Concepts of corporate governance

Along with an understanding of the importance of corporate ethics, we recognize that achieving health, transparency, efficiency, and highly agile corporate management is the key point of corporate management systems for the sustainable growth and development of a company and the increase in its long-term corporate value as it responds swiftly to rapid changes in society and the environment—that is, it is the key point of corporate governance.

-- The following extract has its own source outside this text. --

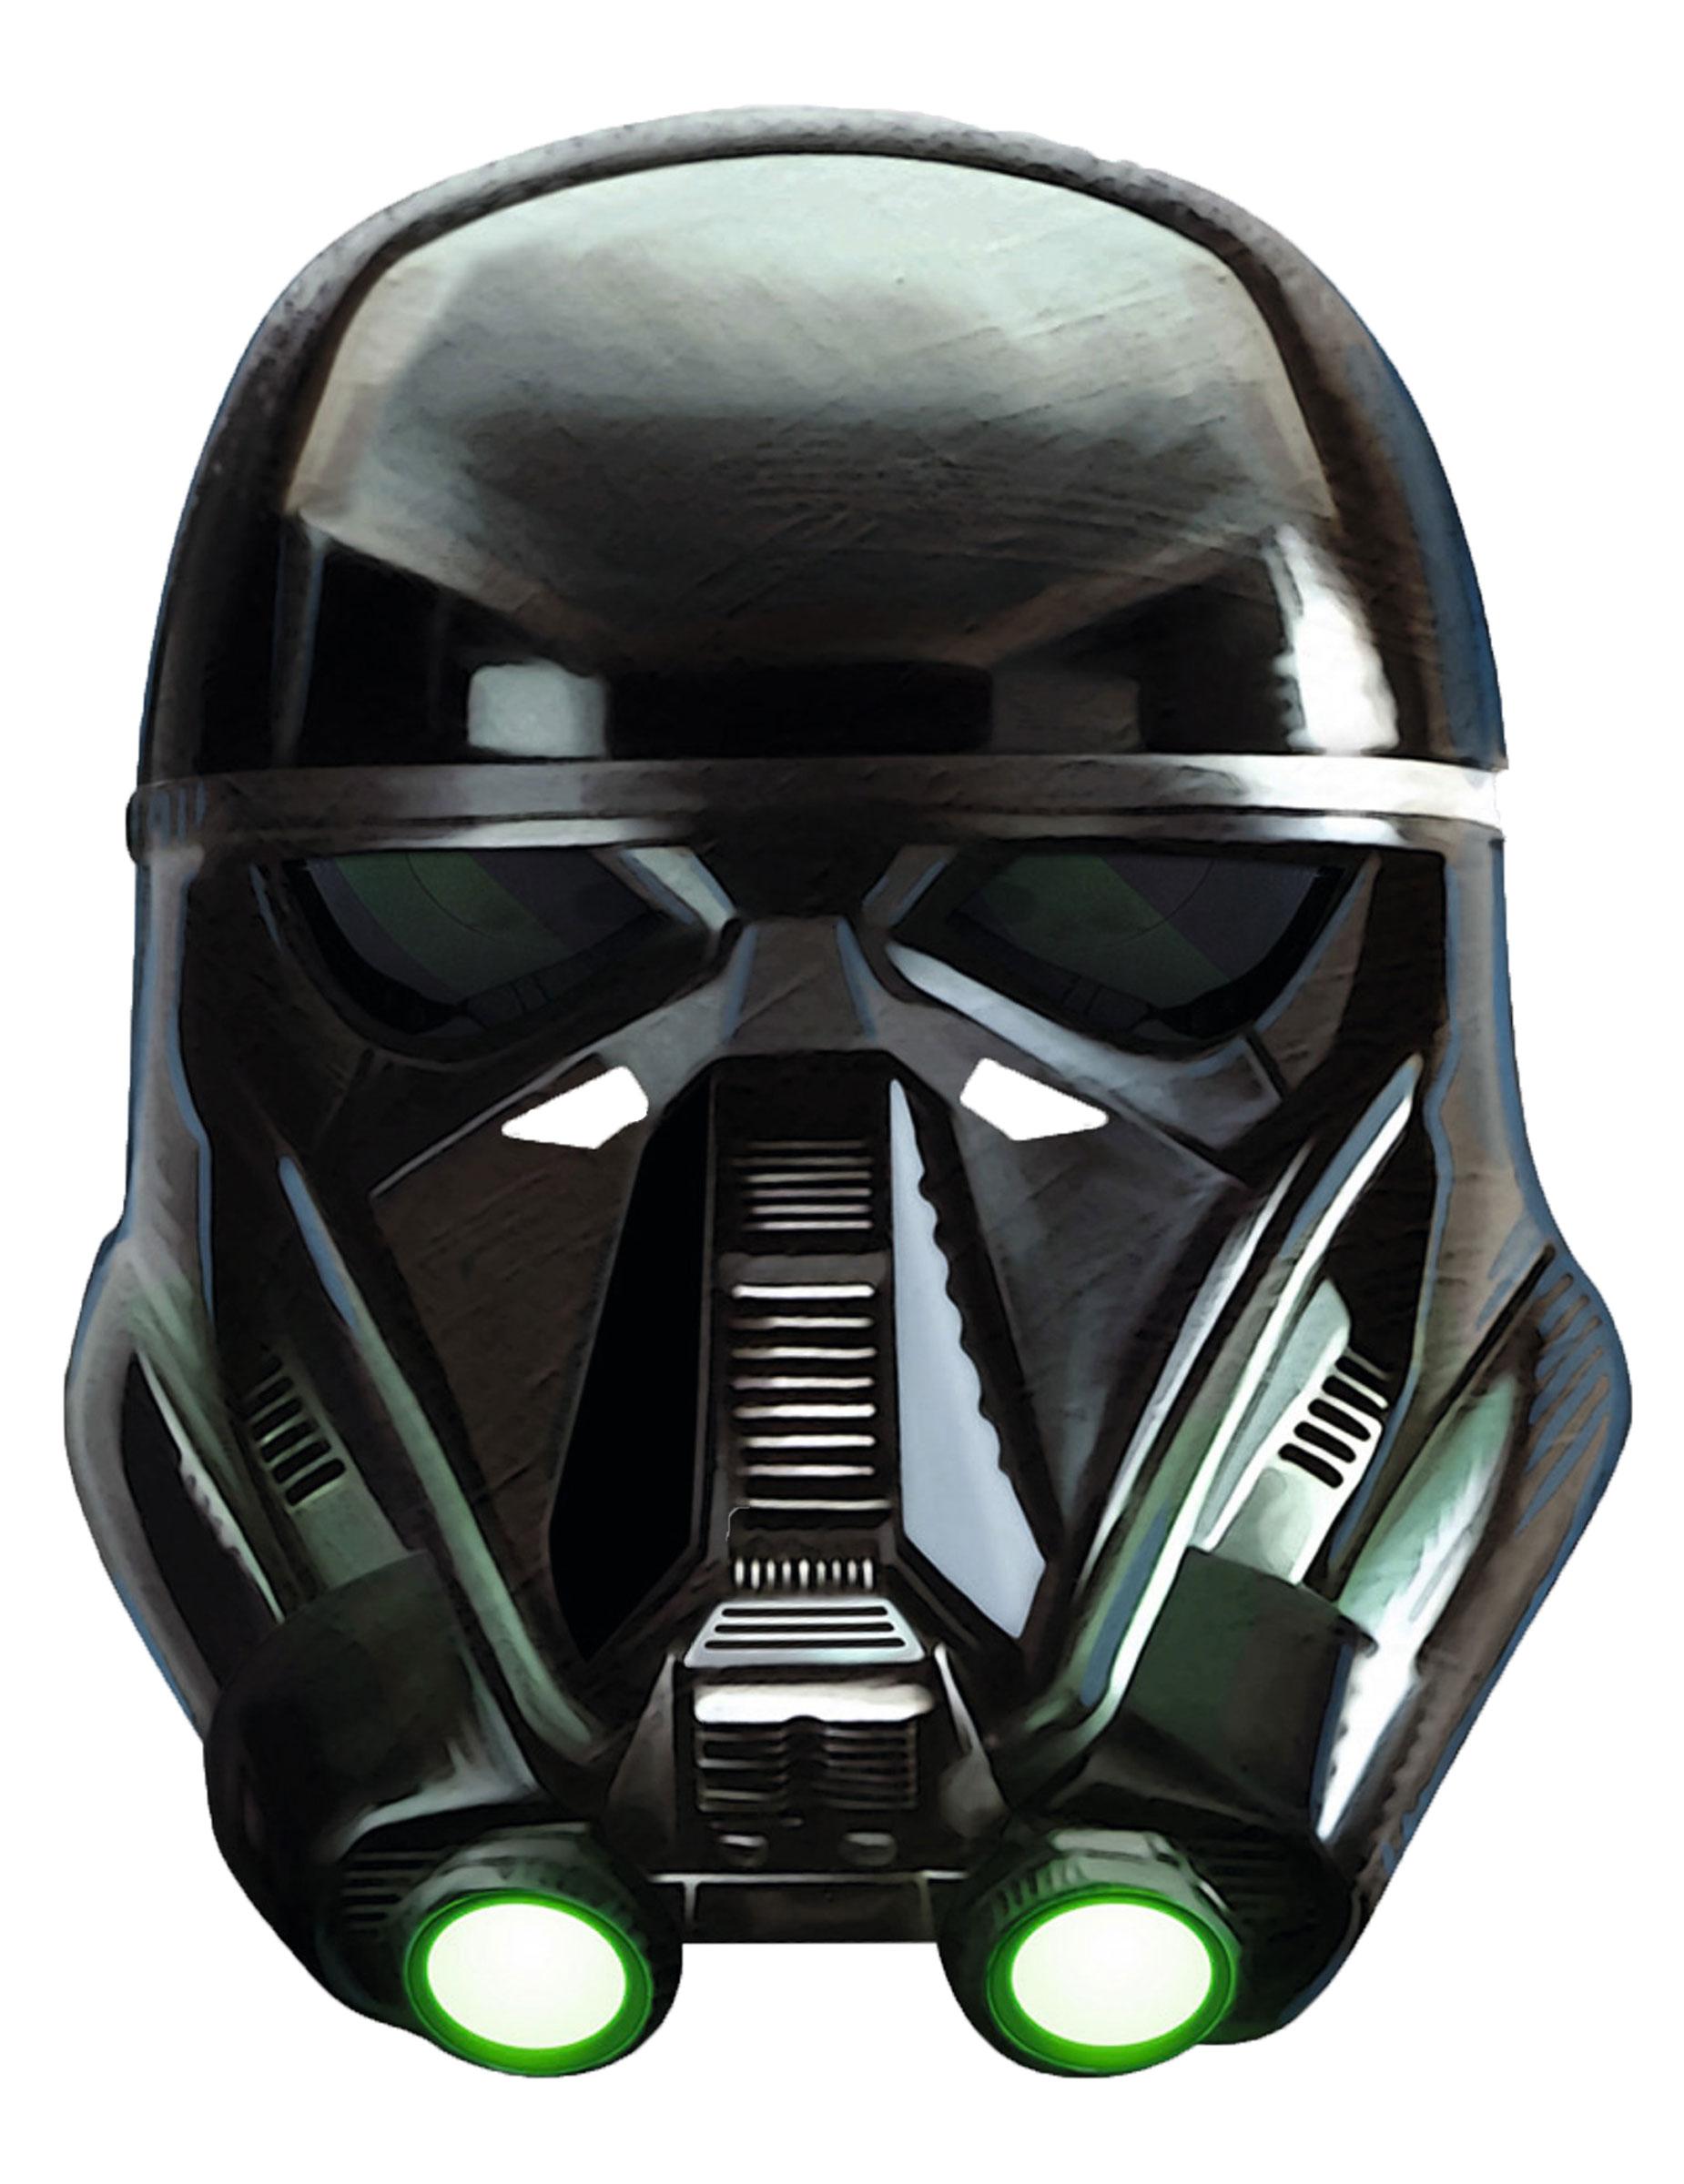 offizieller Shop am besten bewerteten neuesten das Neueste Deat Trooper™-Maske Star Wars-Lizenzartikel schwarz

We are enhancing our corporate governance in line with the following basic approaches.

■Relationship with shareholders and other stakeholders


  1. We will respect the rights of shareholders.
  2. We will ensure the equality of shareholders.
  3. We will build positive and smooth relationships with our shareholders and many other stakeholders.
  4. We will properly disclose company information and ensure transparency in our corporate management.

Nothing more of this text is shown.